Tolsona (/təlˈsoʊnə/) is a census-designated place (CDP) in Copper River Census Area, Alaska, United States. The population was 12 at the 2020 census, down from 30 in 2010.

==Geography==
Tolsona is located at (62.100045, -146.040432).

According to the United States Census Bureau, the CDP has a total area of 46.1 sqmi, of which 45.0 sqmi of it is land and 1.1 sqmi of it (2.49%) is water.

==Demographics==

Tolsona first appeared on the 2000 U.S. Census as a census-designated place (CDP).

As of the census of 2000, there were 27 people, 9 households, and 5 families residing in the CDP. The population density was 0.6 PD/sqmi.
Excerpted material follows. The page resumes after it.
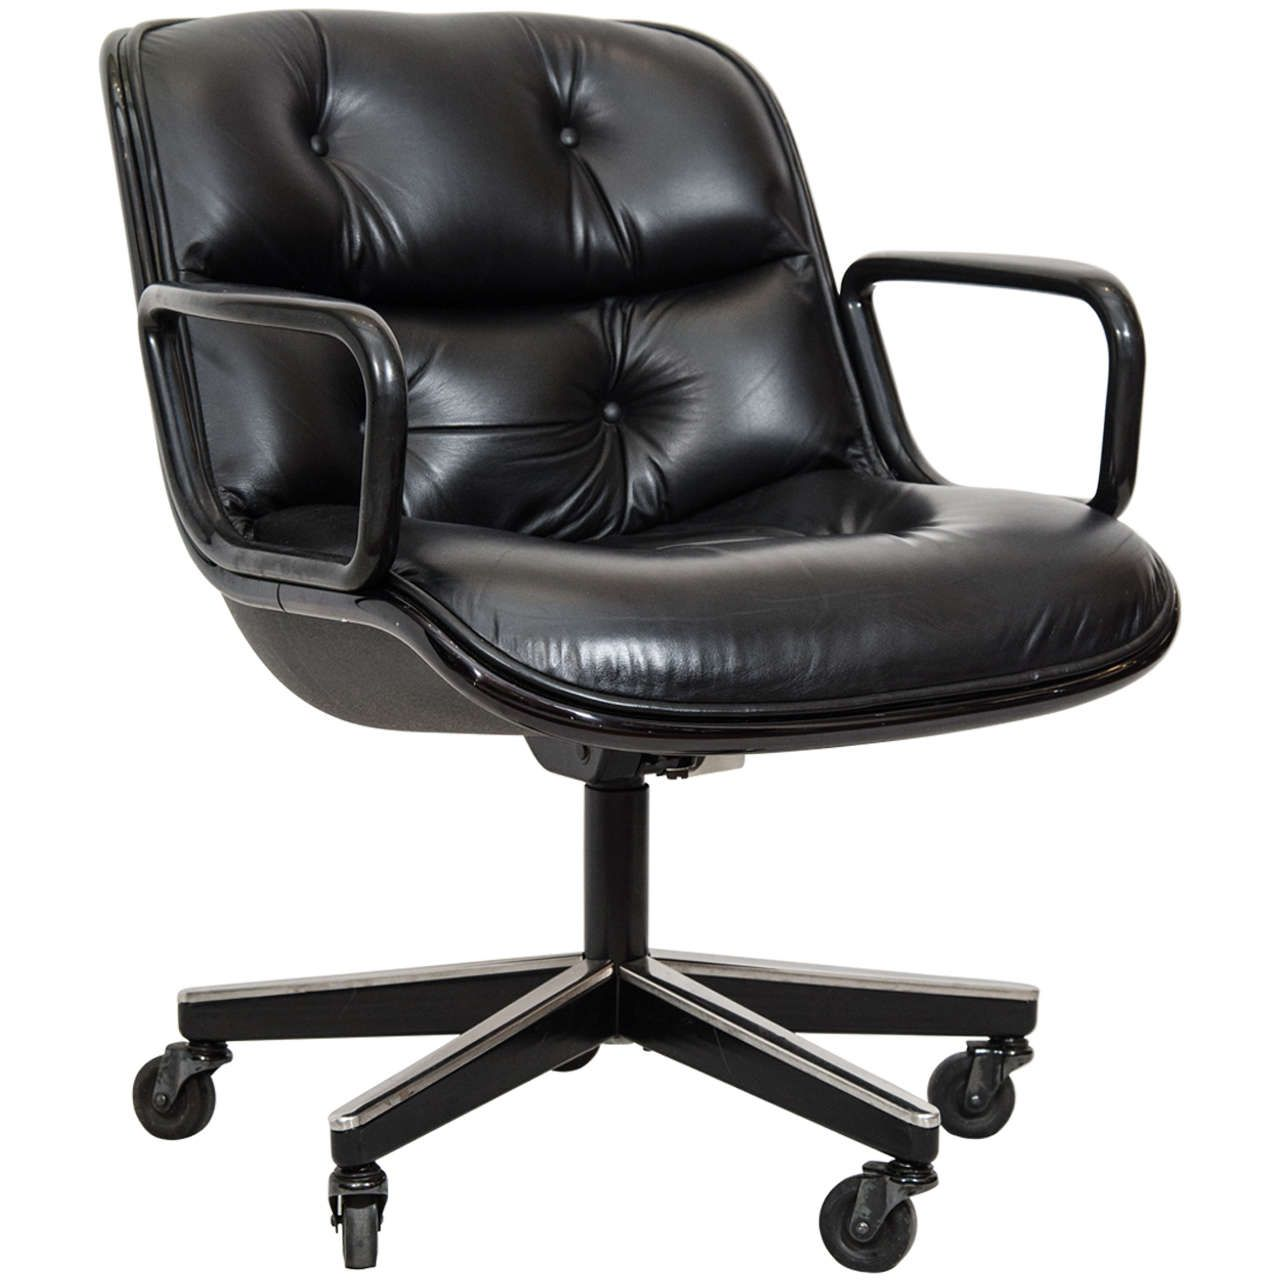 Charles Pollock Executive Desk Chair For Knoll Desks Office

There were 46 housing units at an average density of 1.0 /sqmi. The racial makeup of the CDP was 85.19% White, 11.11% Native American, and 3.70% from two or more races. 3.70% of the population were Hispanic or Latino of any race.

There were 9 households, out of which 44.4% had children under the age of 18 living with them, 33.3% were married couples living together, and 44.4% were non-families. 33.3% of all households were made up of individuals, and none had someone living alone who was 65 years of age or older. The average household size was 3.00 and the average family size was 4.20.

In the CDP, the age distribution of the population shows 37.0% under the age of 18, 11.1% from 18 to 24, 29.6% from 25 to 44, 22.2% from 45 to 64, . The median age was 32 years. For every 100 females, there were 285.7 males. For every 100 females age 18 and over, there were 142.9 males.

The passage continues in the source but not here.